The organizers of Caribana have been ordered by a court to stop using the name of the 43-year-old Caribbean festival, officials say.
“I am very disappointed by what has happened,” said Councillor Joe Mihevc,
who acts as a liaison between the city and festival.
Mihevc said a group called the Caribbean Arts Group (CAG) went to divisional court and last week took control of the name “Caribana” from the Festival
Management Committee, which has staged the annual festival since the city cut
its funding in 2006.
He said a new name for the festival will be released next week.
“We have worked so hard to grow and nurture the festival over the years,”
Mihevc said on Monday. “We are looking at a number of names for the festival.”
He will this week call for the city to pay about $100,000 for the rental of Lamport Stadium for festival events and for the staffing and cleanup of Budapest Park on the day of the parade on July 29.
City councillors will have final say on the issue. The city already dished out about $500,000 to help the festival which attracts about 1 million revellers.
Caribana officials said the two groups have been fighting for control of the
parade for about five years. CAG officials have installed board members
Leslie Forbes and Henry Gomez, who refused to return phone calls on Monday.
One prominent Caribana band leader, who didn’t want his name used, said a name change will confuse people.
“The show will continue but we will have to see how many people show up,”
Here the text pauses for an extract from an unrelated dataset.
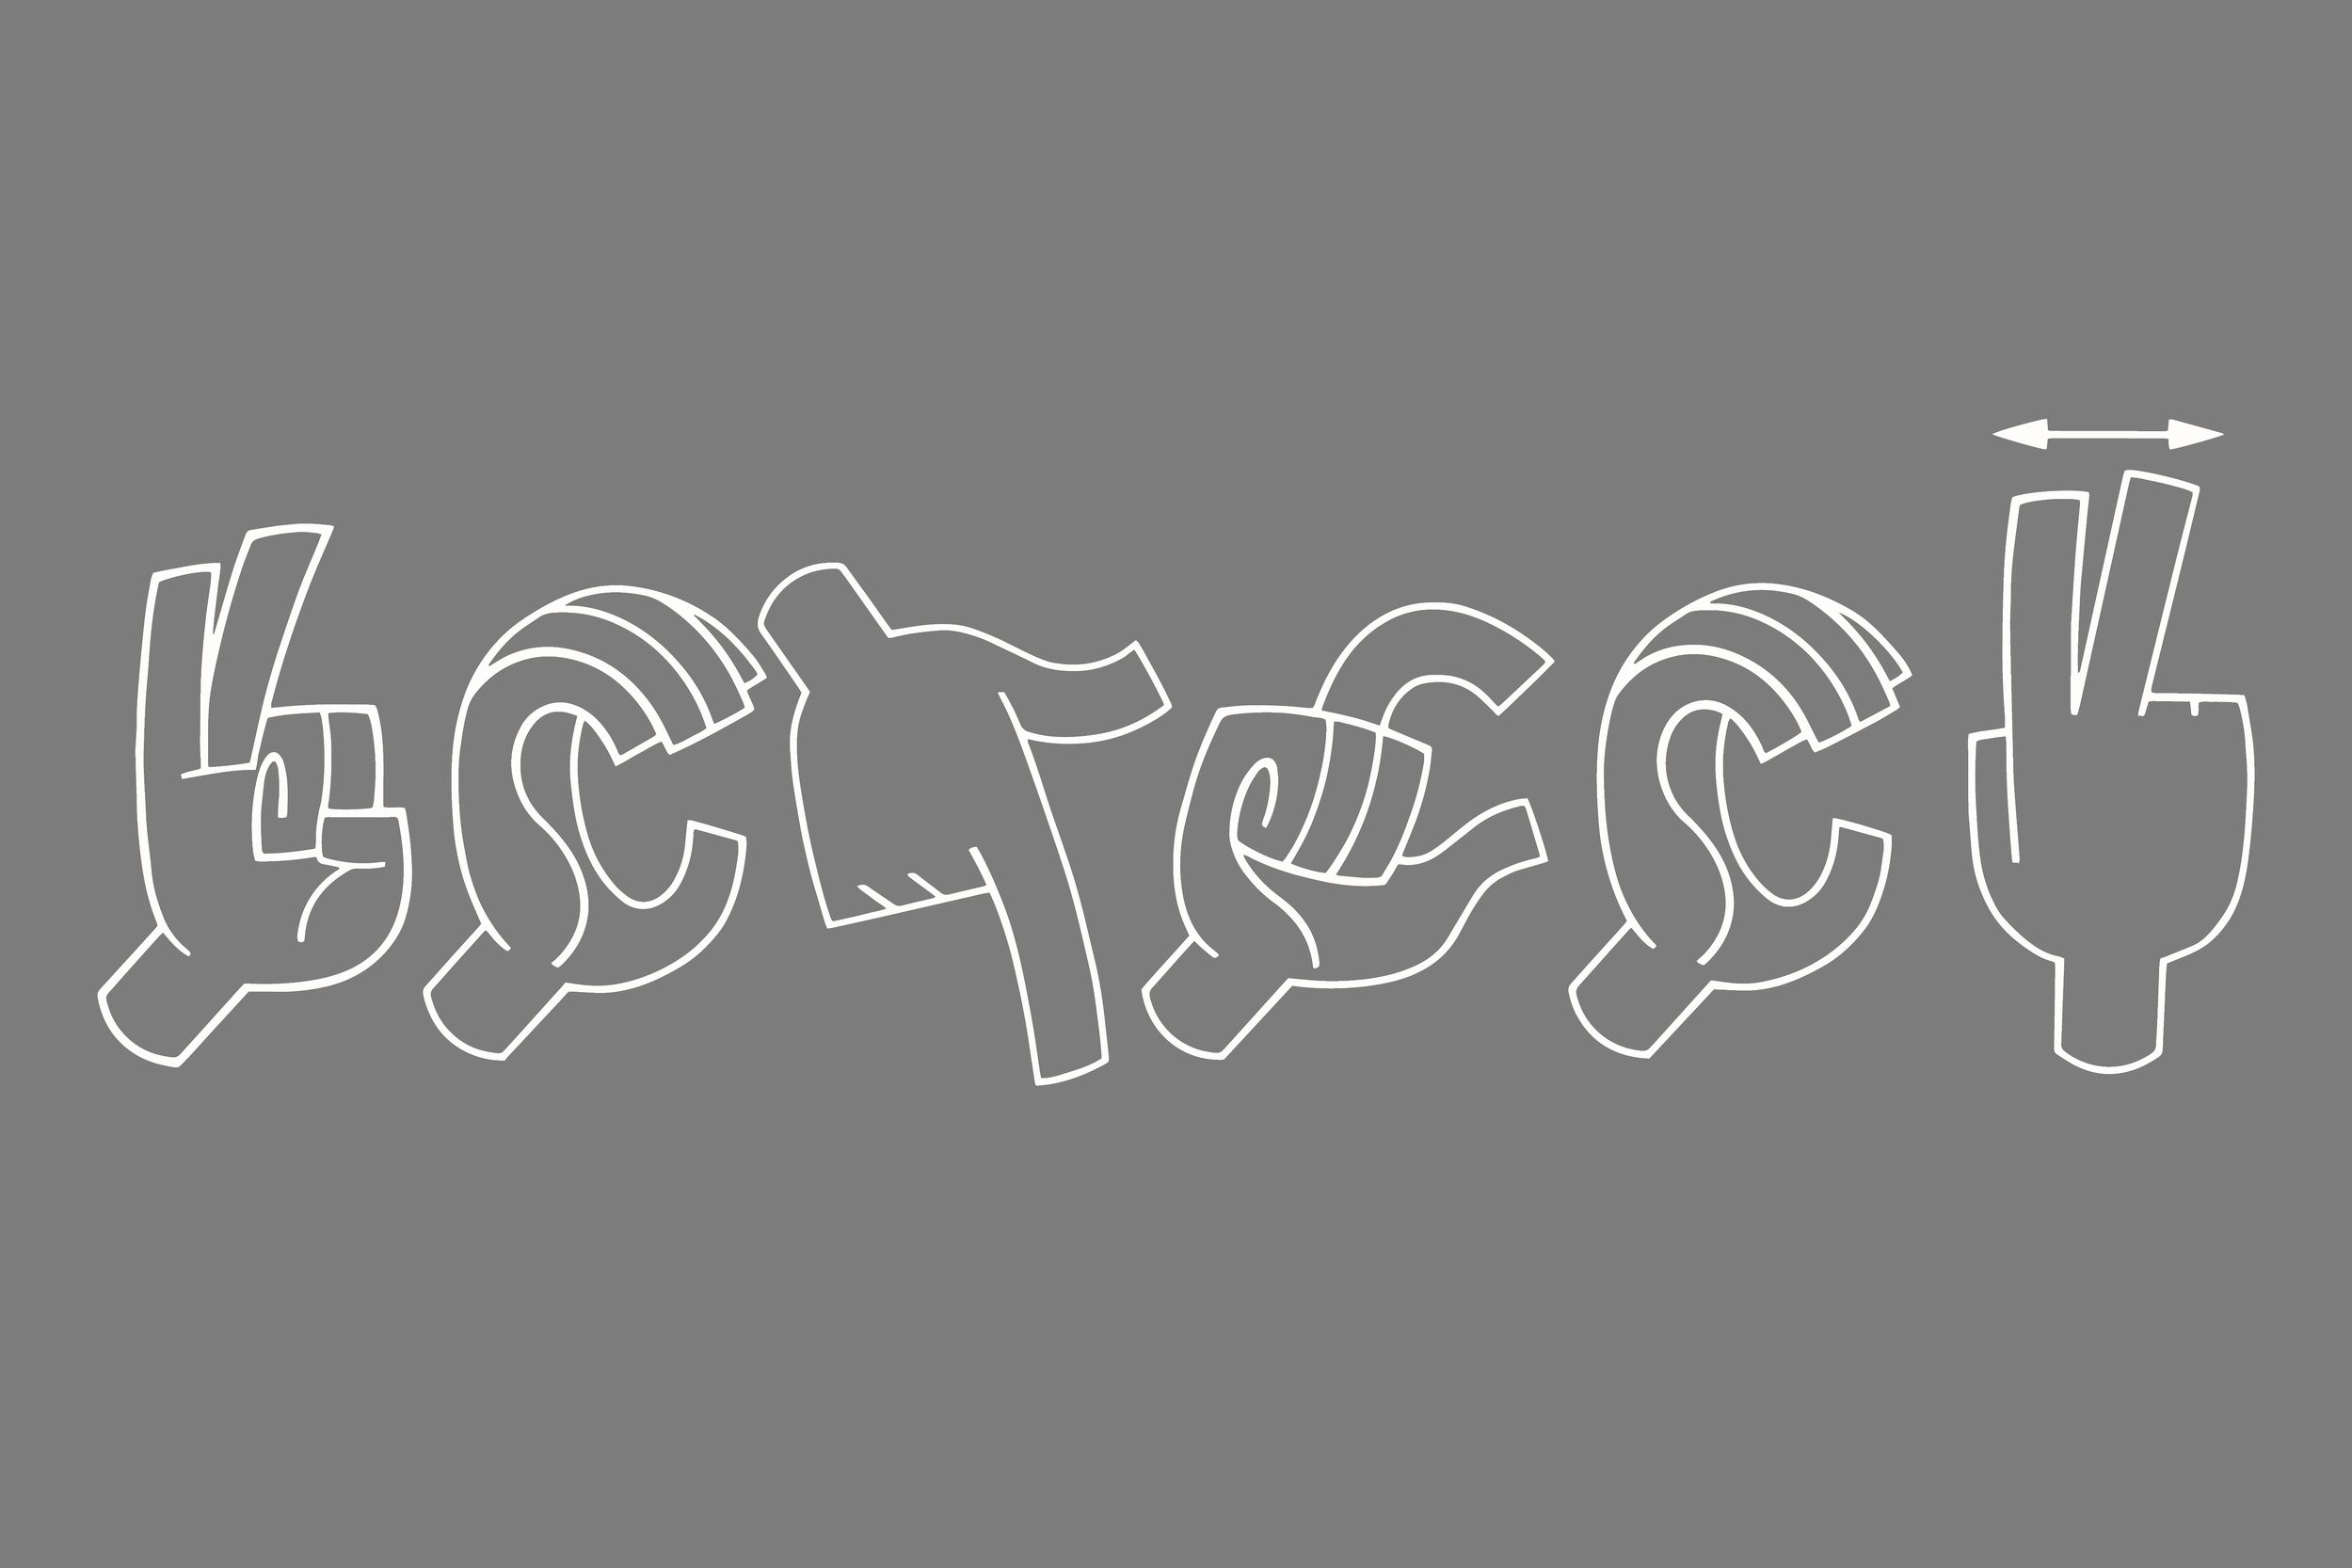 Белые схематические изображения рук, показывающих жесты на РЖЯ, на сером фоне
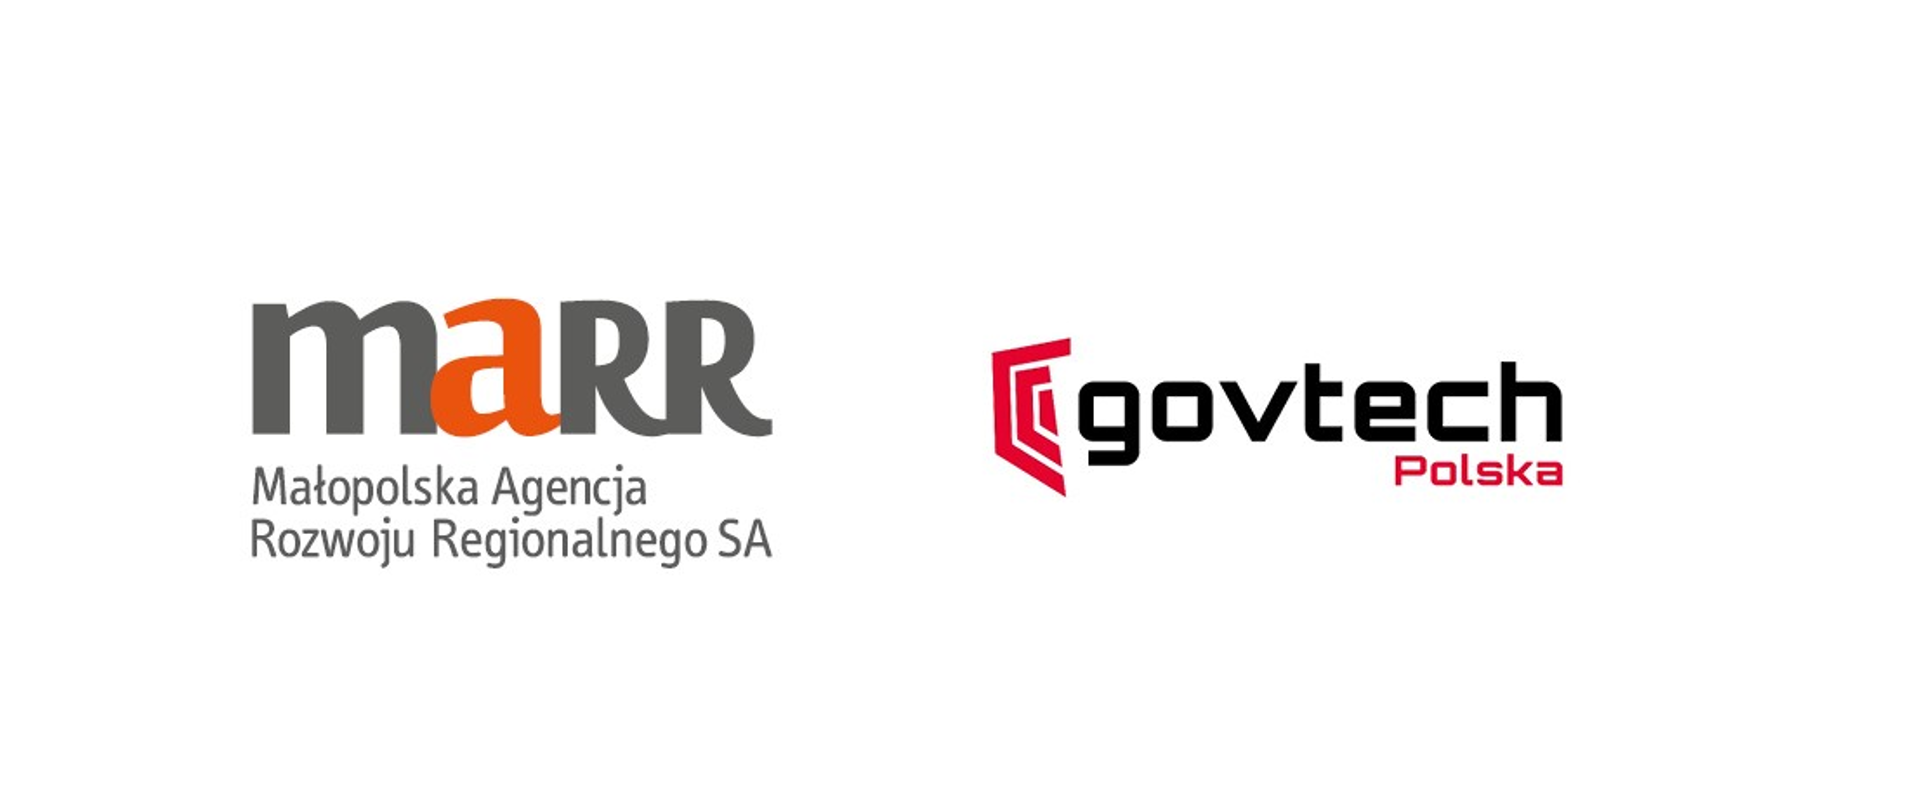 dwa logo obok siebie marr małopolska agencja rozwoju regionalnego sa napis szaro pomarańczowy oraz govtech polska napis czarno czerwony

the bandleader said. “People from all over know the festival as Caribana and
that will not change.”
Festival spokesman Stephen Weir said the trademark issue has been simmering for years.
“This won’t stop the parade at all,” Weir insisted “We have to get a new name and the parade will be bigger and better than before.”
He said organizers and mass players have to create a new name and logo for the parade this year.
Major festival sponsor Scotiabank plans to stick with the event.
“Scotiabank is still title sponsor of the festival and there are no plans to withdraw our sponsorship,” said spokesman Livy Feldgajer.
A 2009 Ipsos Reid Economic Impact Study by Scotiabank found that the festival generates $438 million yearly with over $313 million going into the economy of Toronto and surrounding area.